The lounge was pleasantly busy. He saw Laidlaw sitting with Brian Harkness at one of the metal-topped tables. Harkness was saying something that Laidlaw didn't seem to agree with. When Bob joined them, Laidlaw waited a few minutes and then said, ‘What do you have to do to get a drink here? Wear make-up?'

Harkness and Laidlaw had been talking again about the post-mortem Laidlaw had attended that morning. Harkness was glad Bob had come in.

While Laidlaw was at the bar, Harkness shook his head at Bob. Bob sat down and looked along at Laidlaw. He saw a tall, good-looking man who didn't look like a policeman, didn't look forty, staring at the gantry as if it was the writing on the
wall. That preoccupied intensity was such a familiar aspect of Laidlaw to Bob that he wondered what was bothering Harkness.

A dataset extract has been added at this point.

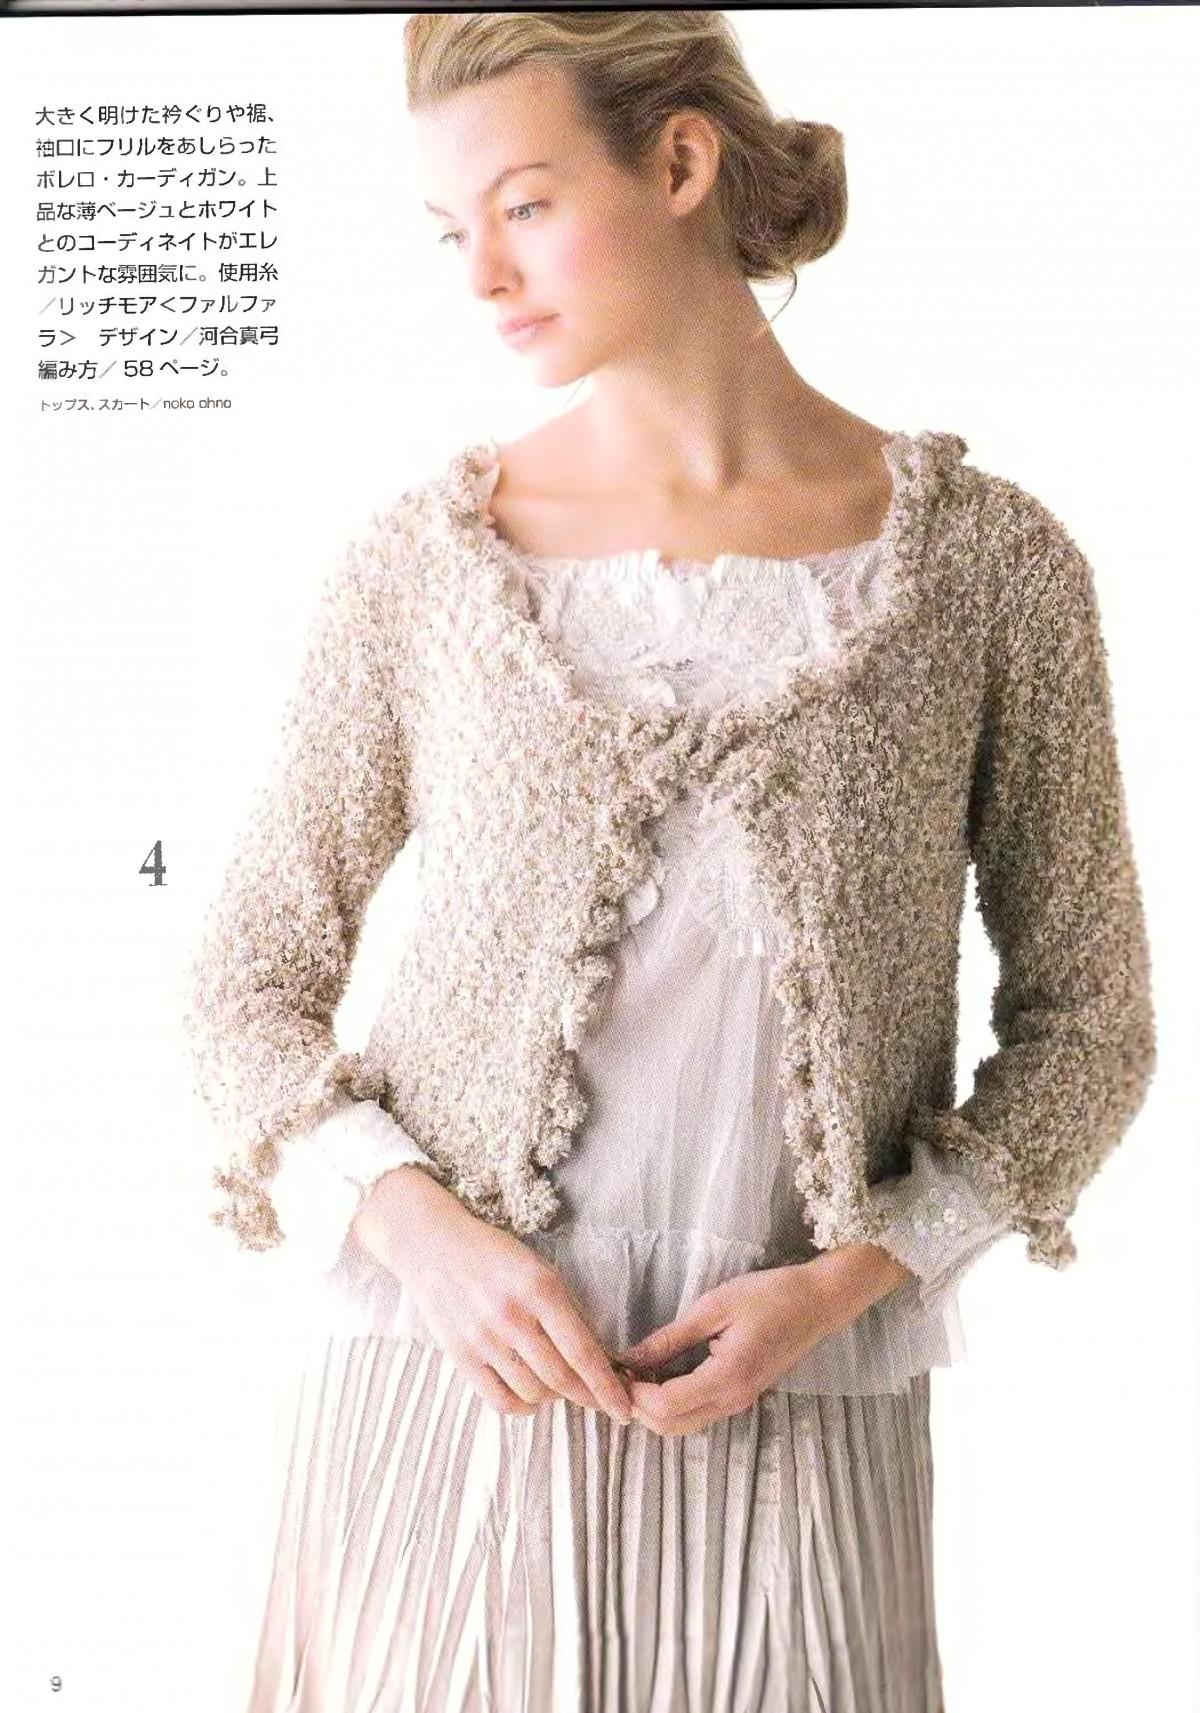 Lets-knit-series-NV4359-2008-Spring-Summer-sp-kr_7.jpg

‘It's not a bee in his bunnet Jack's got,' Harkness said. ‘It's a bloody hive.'

Sharing an office with Laidlaw, Bob was as close to him as anybody, with the exception of Harkness, although sometimes Harkness wondered. He had known Laidlaw for about a year and still found his presence a lucky dip from which any chance remark could draw a surprising response. He was about as easy to explore as the Louisiana Purchase. Among the other men on the Squad, Bob had appointed himself Laidlaw's defence counsel, a function which must have sometimes felt like a full-time job in itself.

‘What's up?' Bob said.

‘A few fruitless days for us. That's what I think's up. Jack thinks he's going to find out whoever did in wee Eck Adamson.'

‘Eck was murdered?'

‘Jack seems to think so.'

‘How?'

‘Ask
him
. So it would be all right if he just keeps his eyes open and hopes for something to turn up. But not him. I feel an obsession coming on. And it's hopeless, isn't it? You might as well point to a snowstorm and say, “See that snowflake at the end of the road. Go and get it.” No chance. And you know what Jack's like when he's got a cause. Even a lost one. About as easy to ignore as a Salvation Army drum. He's going to start putting everybody's humph up. The Crime Squad'll look like the Loch Ness monster.'

‘They should be used to him by now.'

‘Who gets used to Jack? You know what I mean. I like the
man. I just wish somebody would give him a lorry-load of Valium for his Christmas.'

Laidlaw brought Harkness's lager and a whisky for Bob and sipped his lime-juice and soda. Bob decided to help Harkness.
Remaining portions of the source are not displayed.